#### Records for this exercise ####

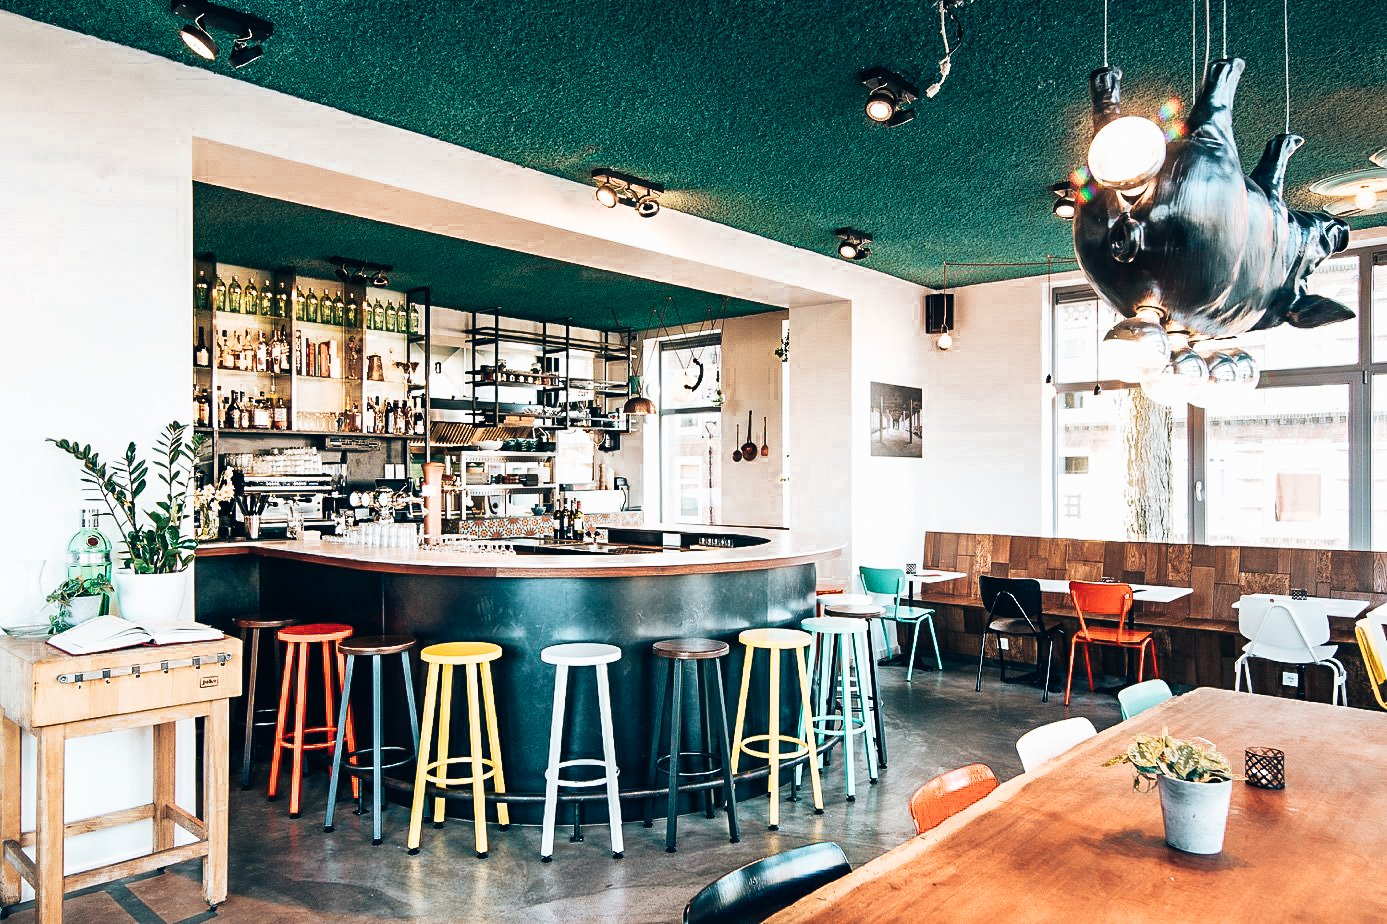 De bar van Taberna Pikoteo, Amsterdam, Alles over gin.
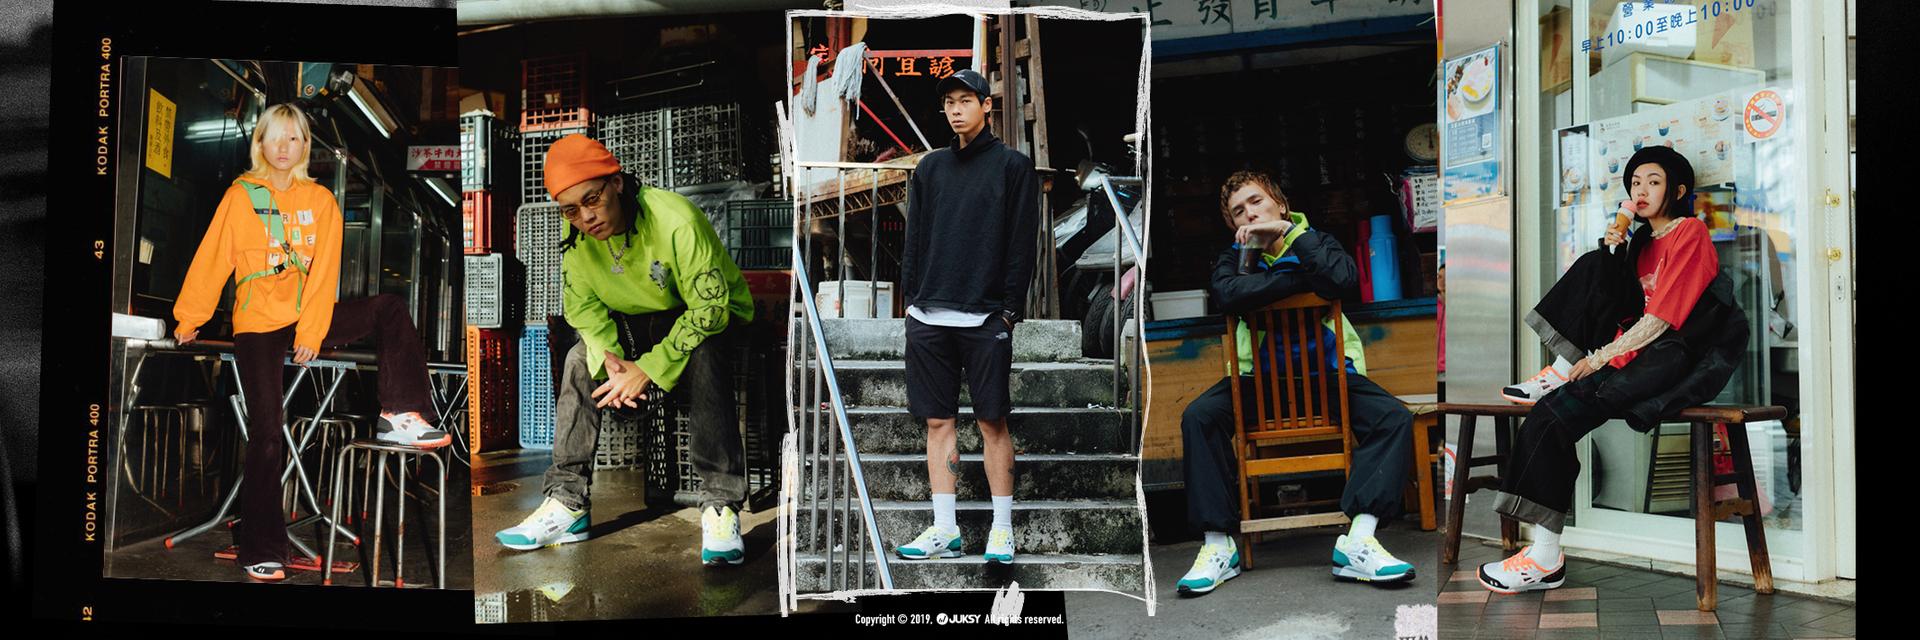 「這雙老鞋前衛到不行!」穿搭型人 x 台北老風景,30 年怎麼玩?只有更經典!
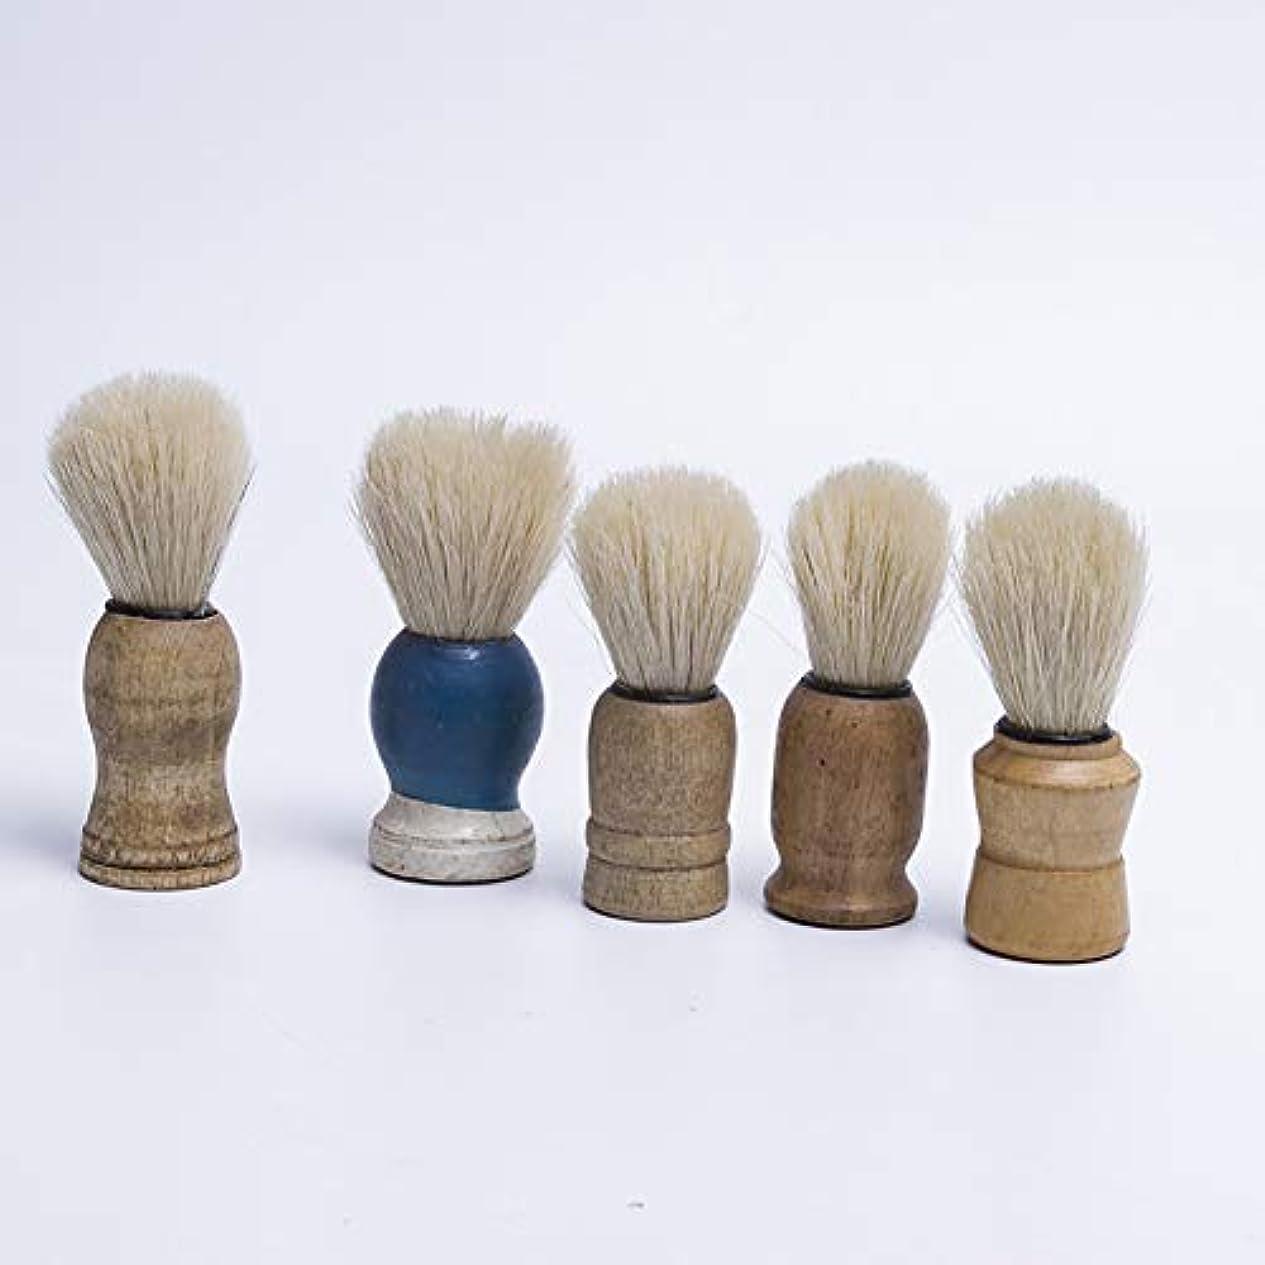 ACHICOO 木製 ハンドルが付いている人 髭そり ブラシ 大広間 クリーニング 電気器具 剃毛用具 ブラシを剃っている人
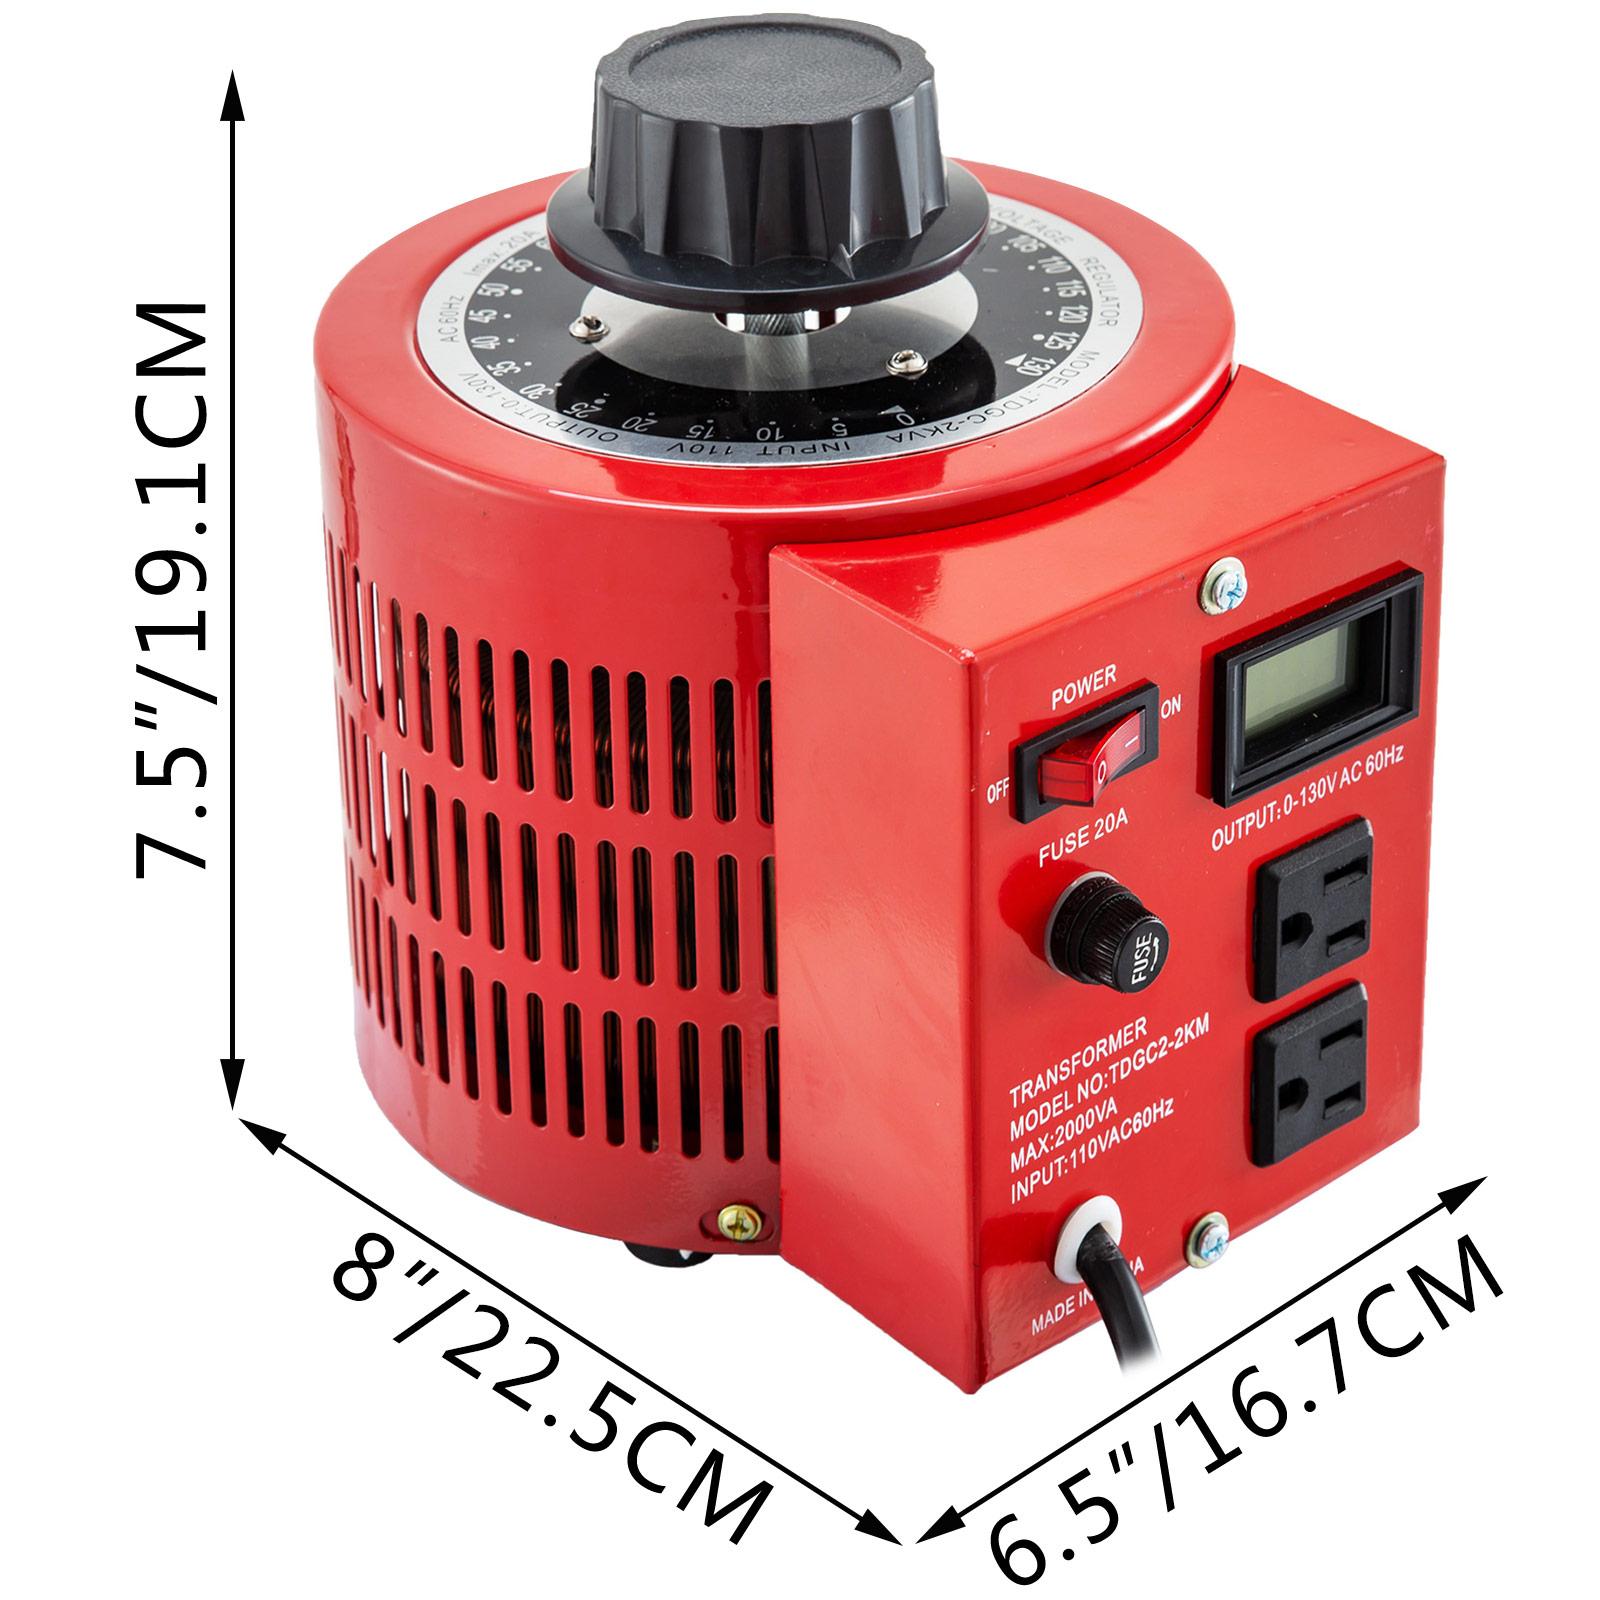 Variac-Variable-Transforme-0-5-1-2-3KVA-LCD-Single-Phase-Digital-Display-0-130V thumbnail 44
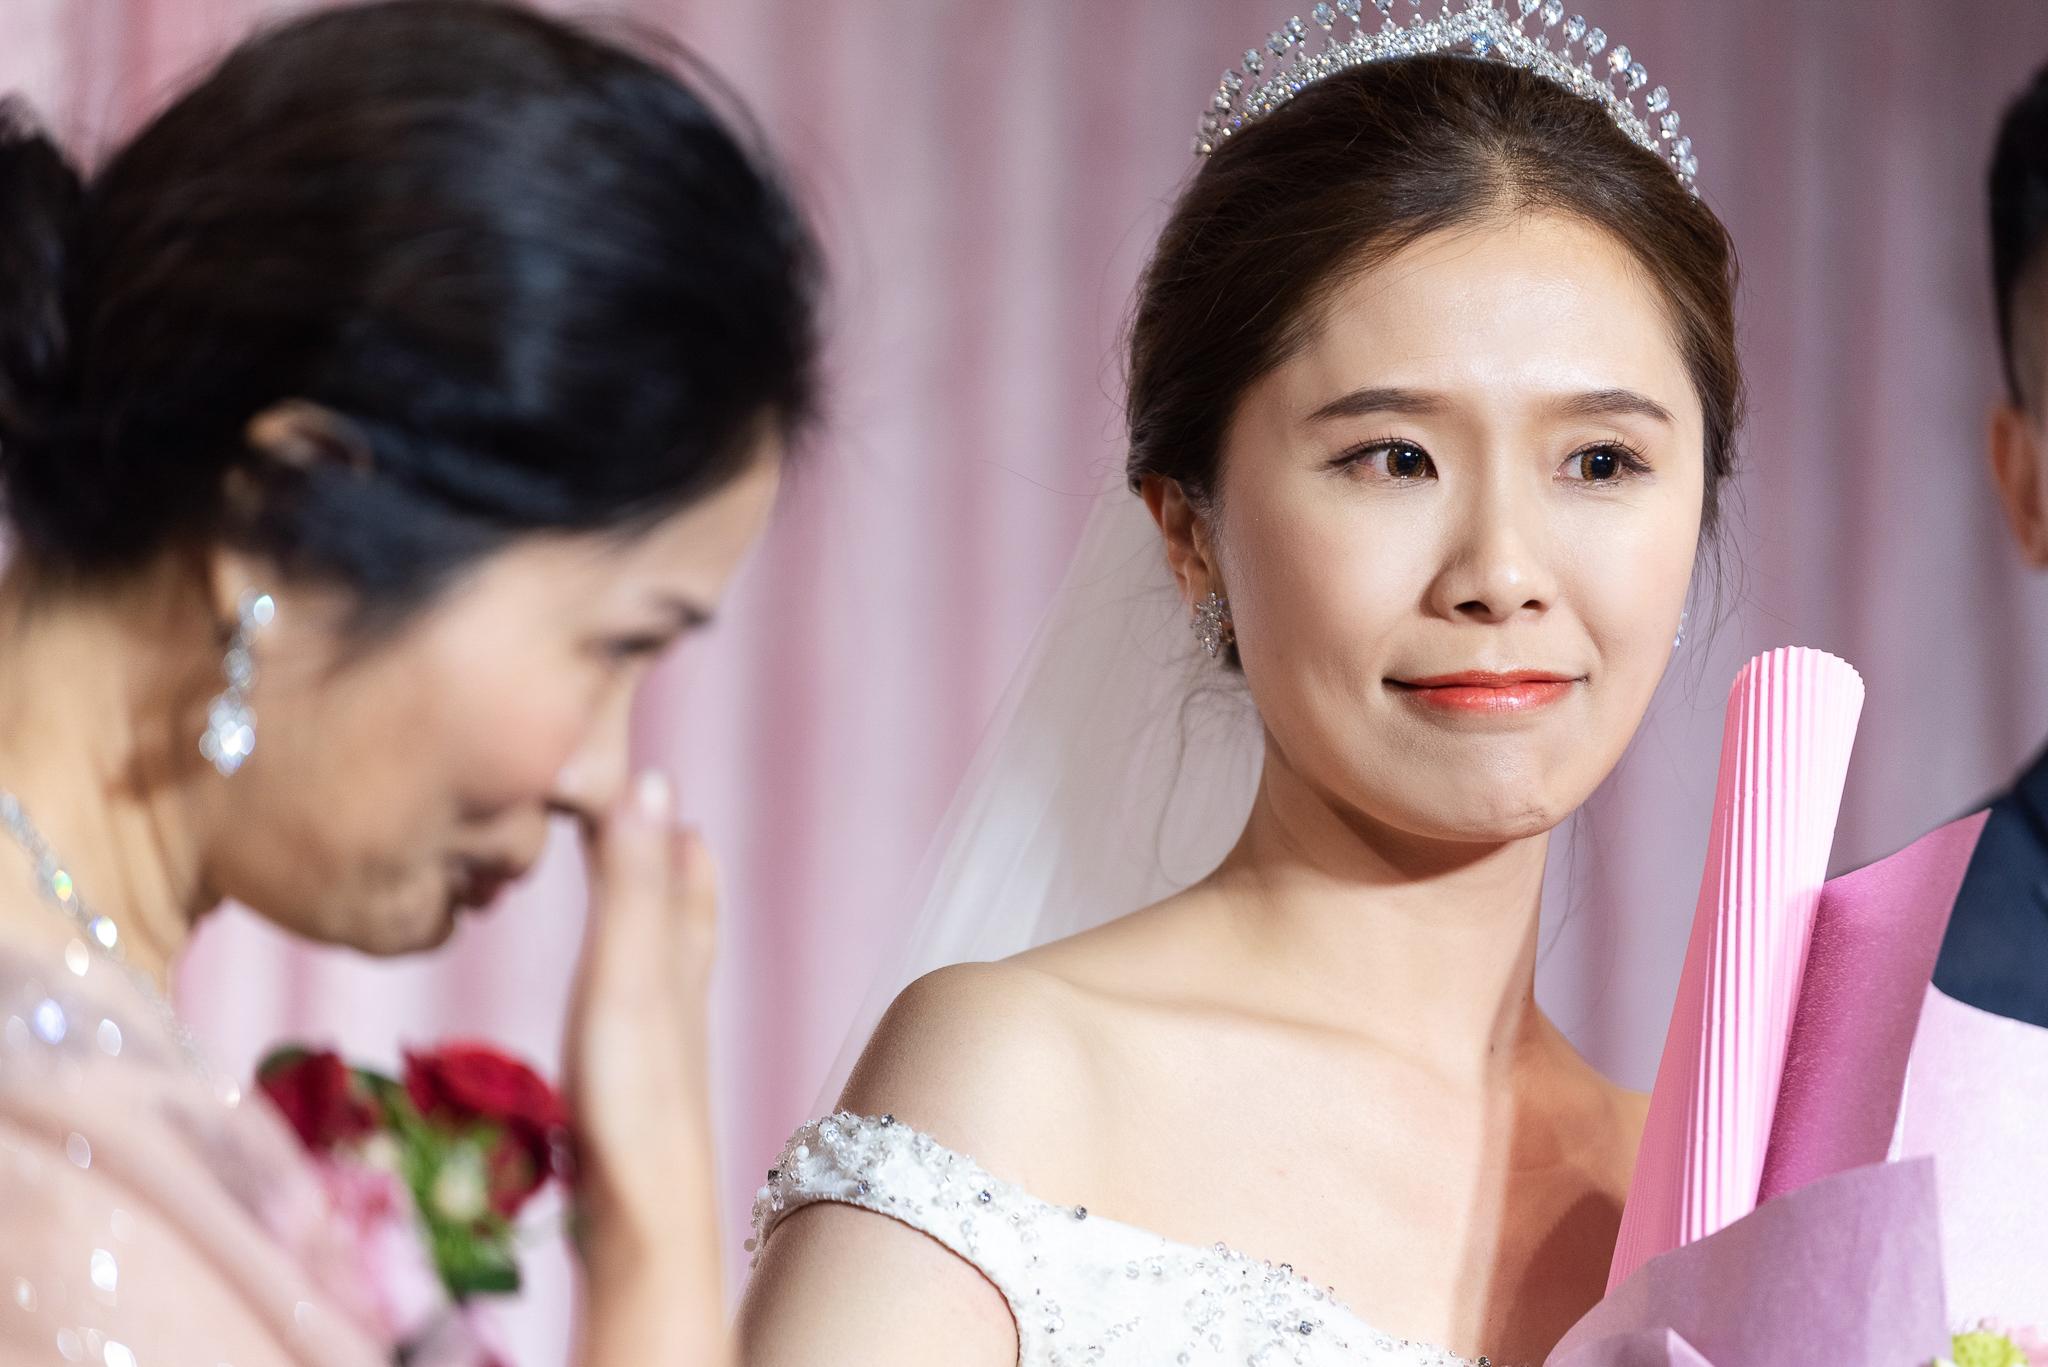 婚禮紀錄 婚攝小亮 推薦婚攝 六福萬怡 萬怡婚攝 台北婚攝

####

=== Task brief ===
Type out all of the records exactly, leaving out any picture.

=== Expected output ===
 De bar van Taberna Pikoteo, Amsterdam, Alles over gin.
 「這雙老鞋前衛到不行!」穿搭型人 x 台北老風景,30 年怎麼玩?只有更經典!
 ACHICOO 木製 ハンドルが付いている人 髭そり ブラシ 大広間 クリーニング 電気器具 剃毛用具 ブラシを剃っている人
 Variac-Variable-Transforme-0-5-1-2-3KVA-LCD-Single-Phase-Digital-Display-0-130V thumbnail 44
 婚禮紀錄 婚攝小亮 推薦婚攝 六福萬怡 萬怡婚攝 台北婚攝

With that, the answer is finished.